_Problem to solve_: Return the listing exactly as it appears, but strip out the images.

_Stored data_:
Content starts

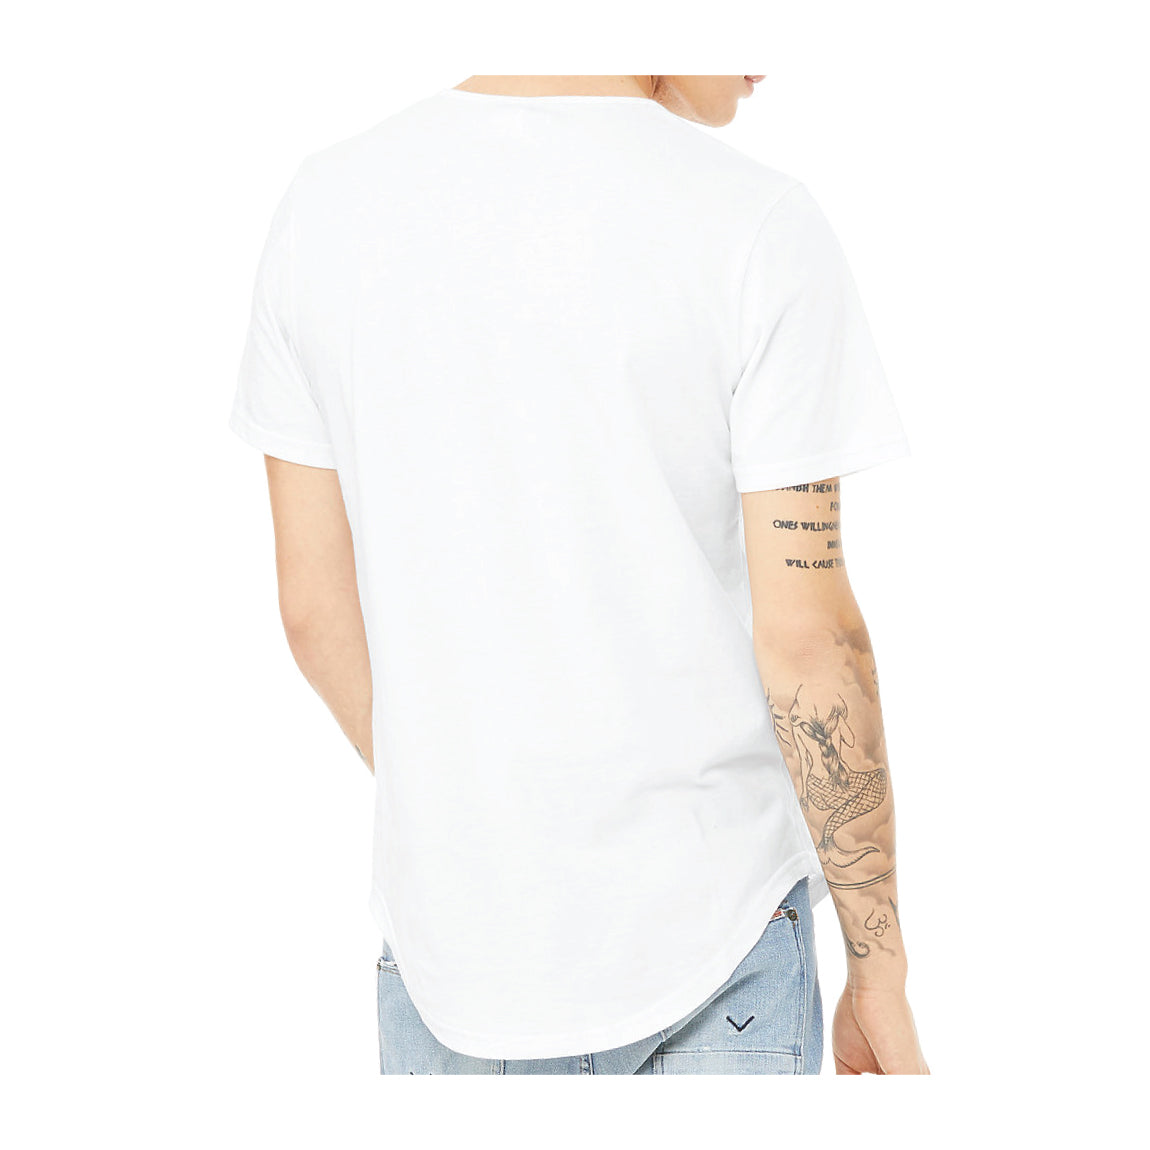 Mens Jersey Short Sleeve Tee With Curved Hem
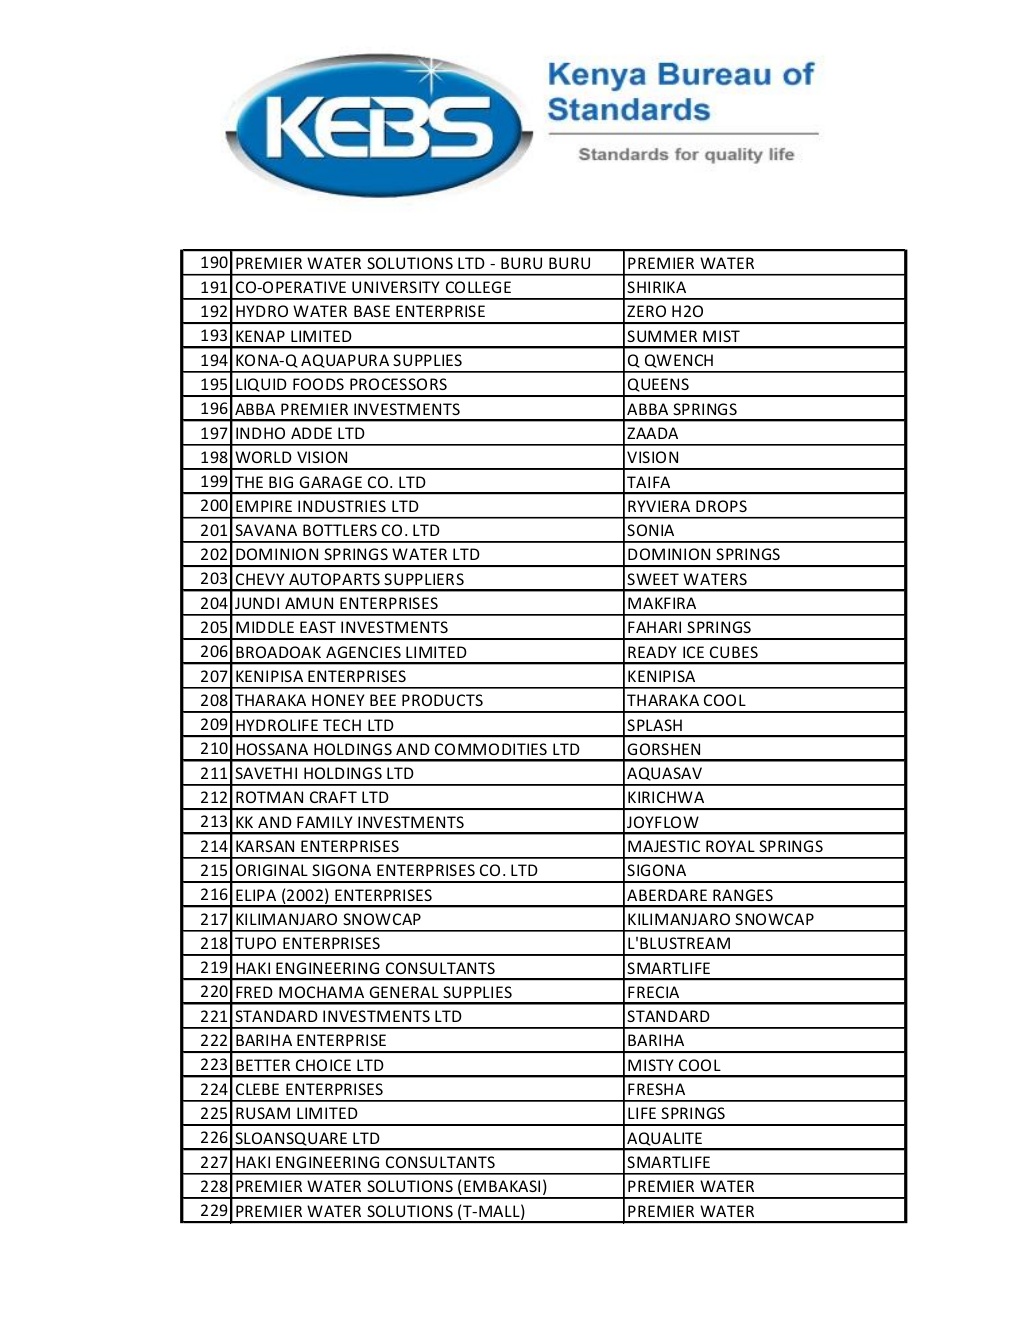 list-of-368-water-brands-banned-by-kebs-6-1024
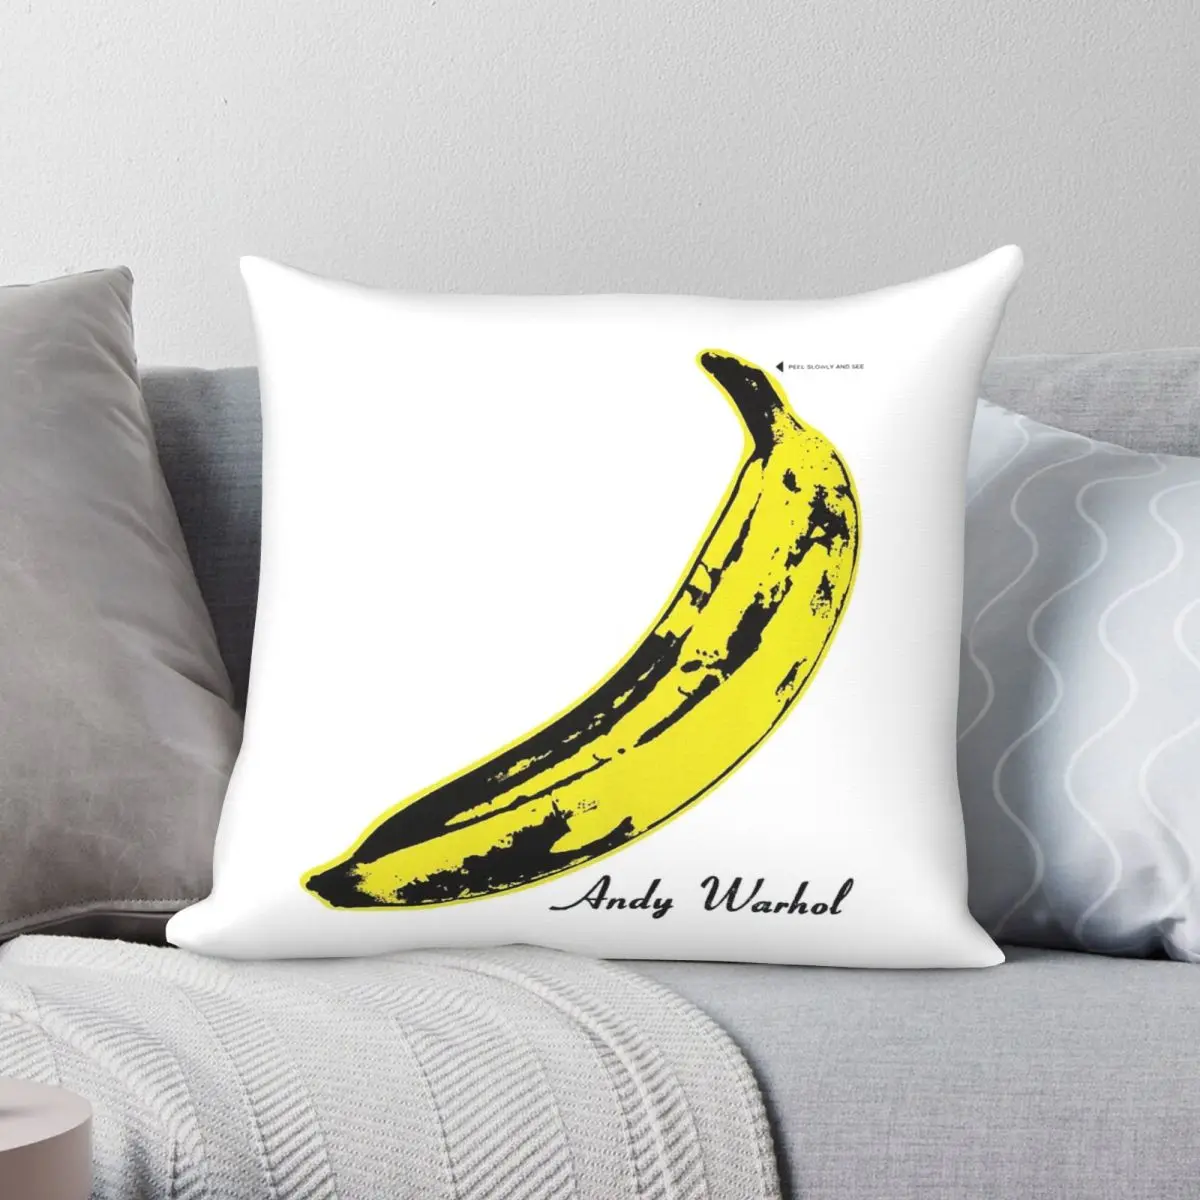 

Andy Warhol The Banana Square Pillowcase Polyester Linen Velvet Printed Zip Decor Throw Pillow Case Bed Cushion Cover Wholesale
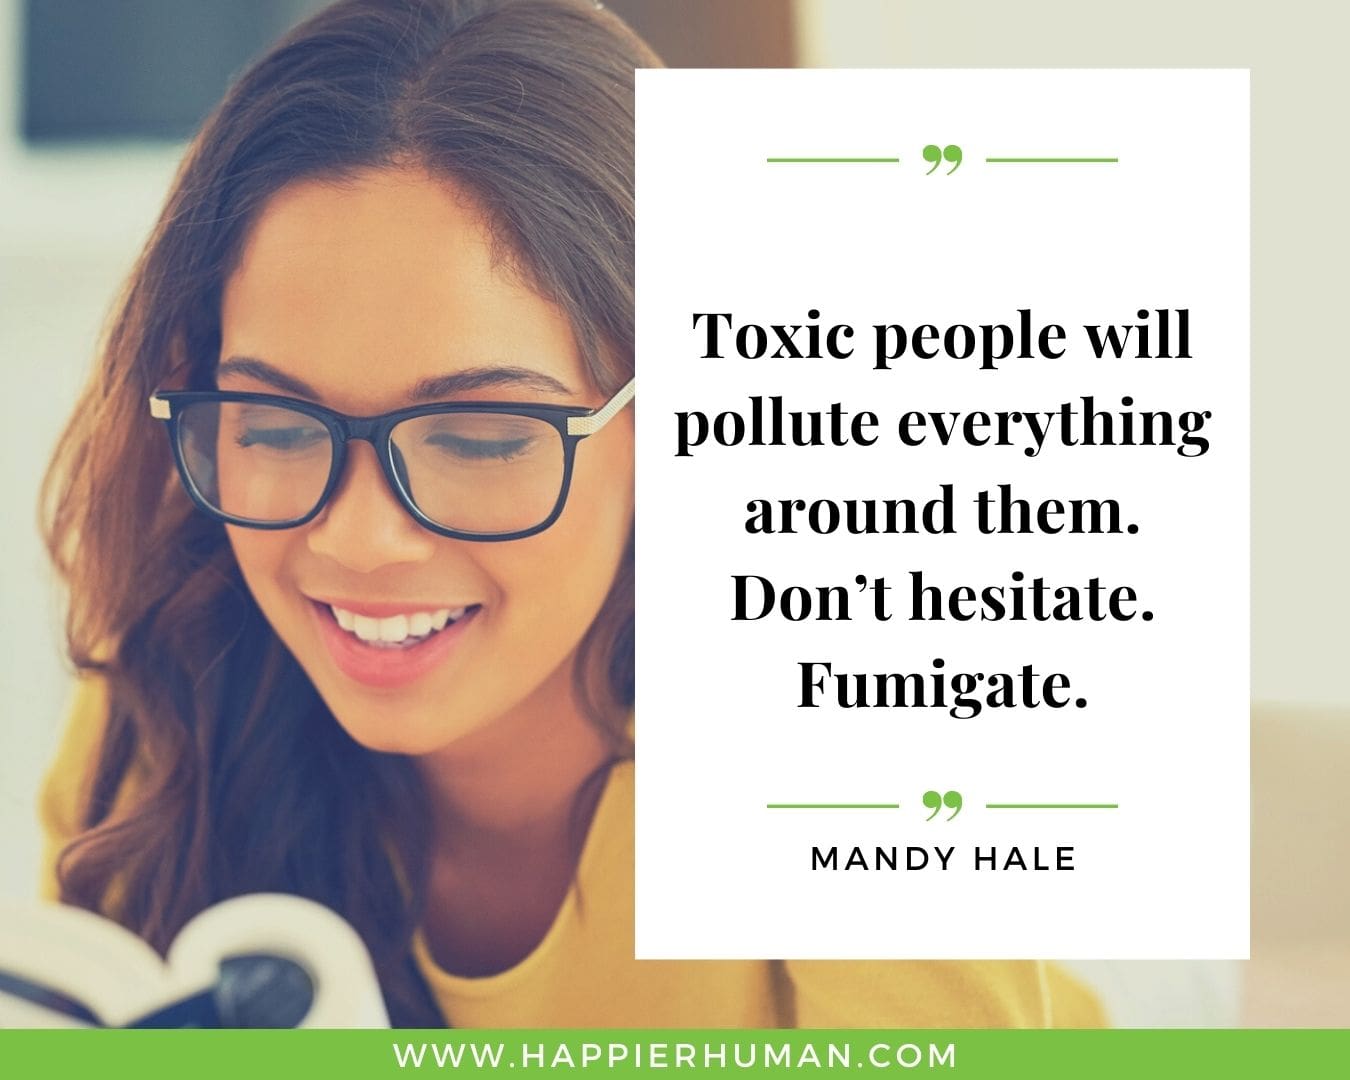 Toxic People Quotes - “Toxic people will pollute everything around them. Don’t hesitate. Fumigate.” – Mandy Hale

Content ends

_Your response_:
 Mens Jersey Short Sleeve Tee With Curved Hem
 list-of-368-water-brands-banned-by-kebs-6-1024

Andy Warhol The Banana Square Pillowcase Polyester Linen Velvet Printed Zip Decor Throw Pillow Case Bed Cushion Cover Wholesale
 Toxic People Quotes - “Toxic people will pollute everything around them. Don’t hesitate. Fumigate.” – Mandy Hale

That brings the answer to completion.